* TASK DETAILS
When you reach the line containing "eba119c28c3 Wonder Woman", begin reproducing the material exactly, stop after the line containing "Tauchlampe Unterwasserlampe UW-Lampe", and leave out any pictures along the way.

(Beginning of EXERCISE MATERIAL)

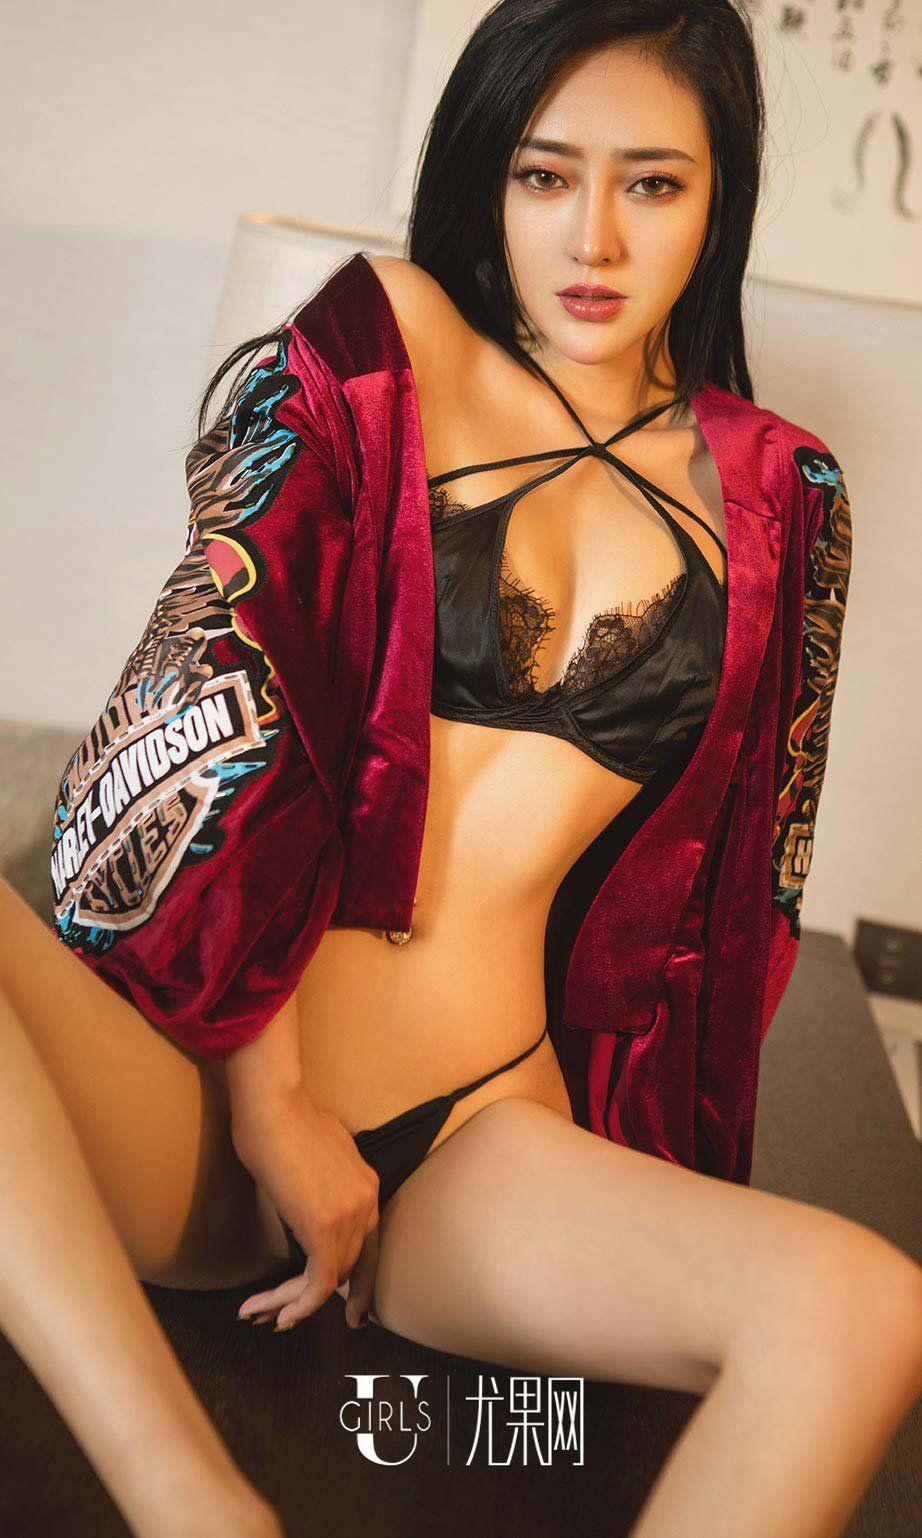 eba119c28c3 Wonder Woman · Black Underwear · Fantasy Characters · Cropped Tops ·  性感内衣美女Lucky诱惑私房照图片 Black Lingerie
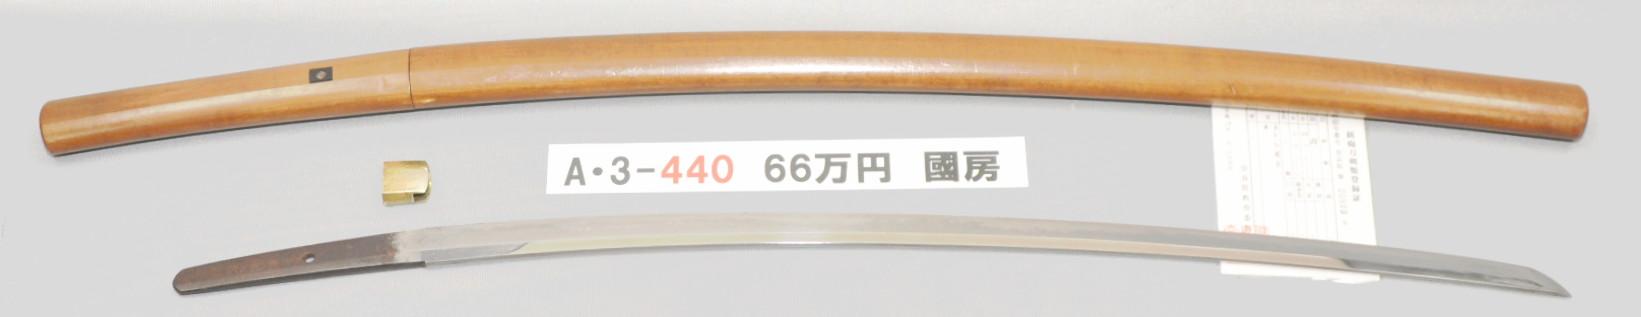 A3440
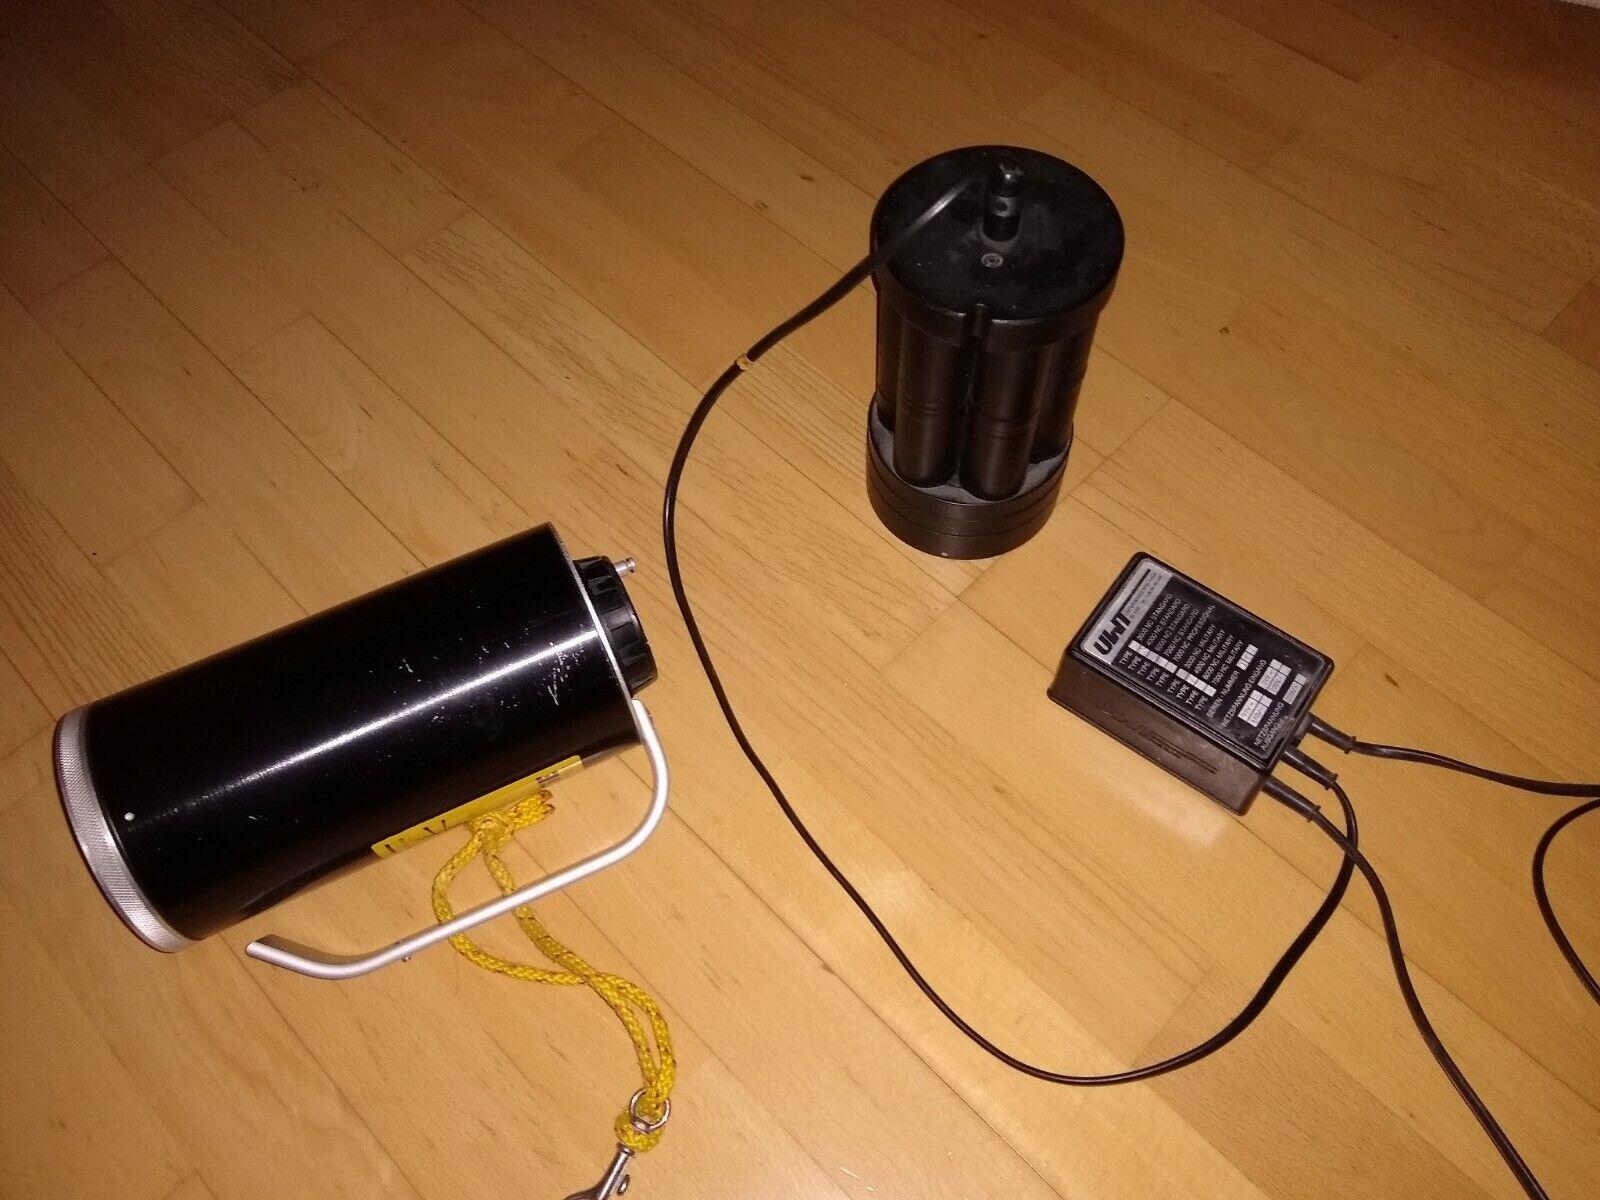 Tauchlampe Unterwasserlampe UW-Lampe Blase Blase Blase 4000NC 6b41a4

(End of EXERCISE MATERIAL)
(Beginning of EXERCISE MATERIAL)

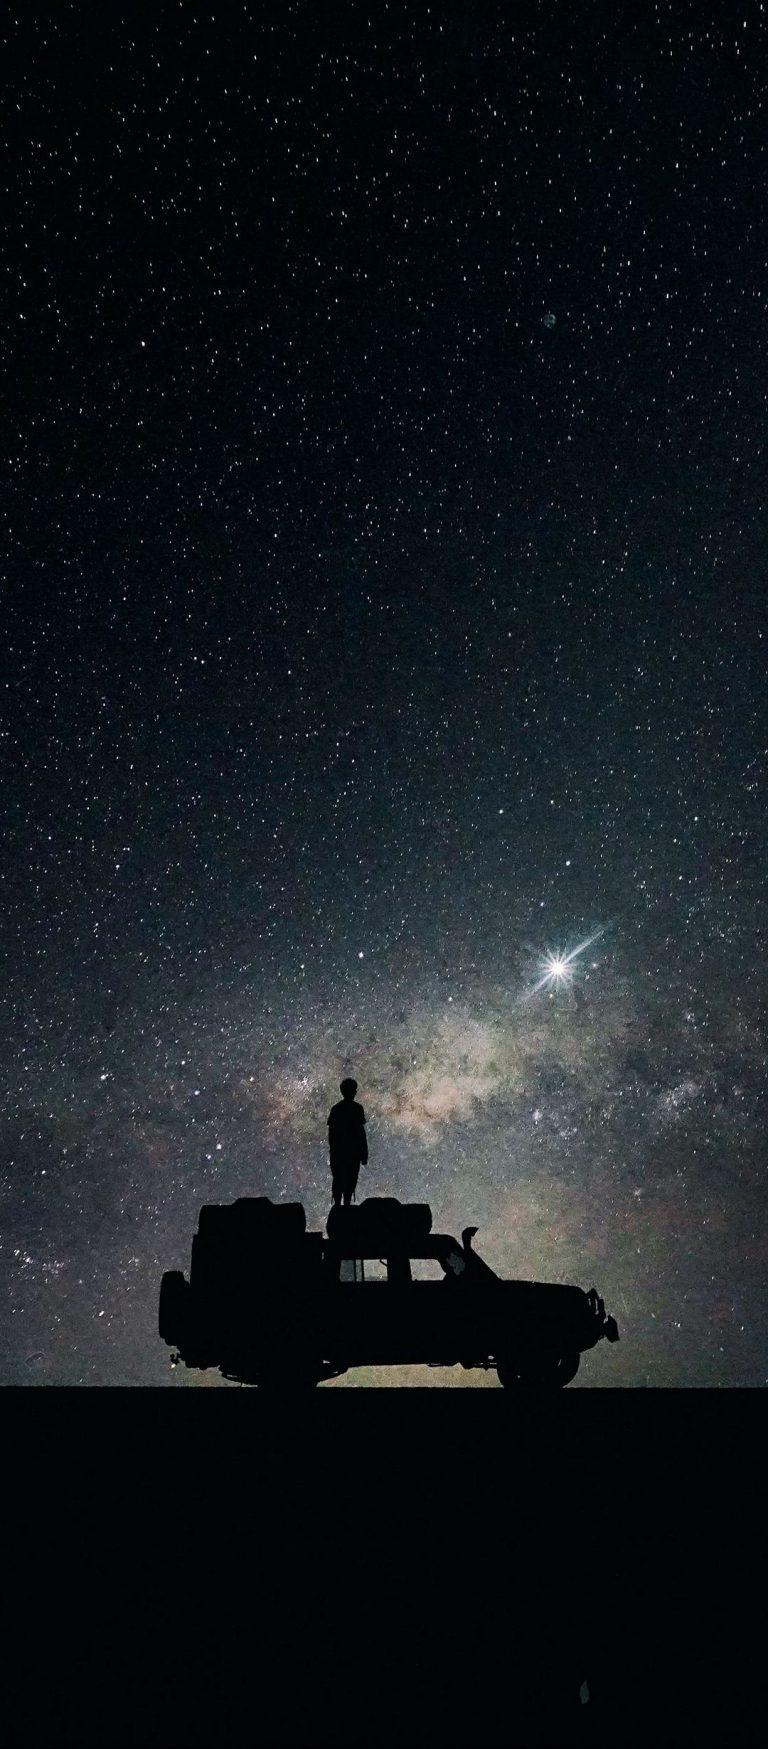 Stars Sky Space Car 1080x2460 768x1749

(End of EXERCISE MATERIAL)

* FINAL ANSWER
 eba119c28c3 Wonder Woman · Black Underwear · Fantasy Characters · Cropped Tops ·  性感内衣美女Lucky诱惑私房照图片 Black Lingerie
 A3440
 Tauchlampe Unterwasserlampe UW-Lampe Blase Blase Blase 4000NC 6b41a4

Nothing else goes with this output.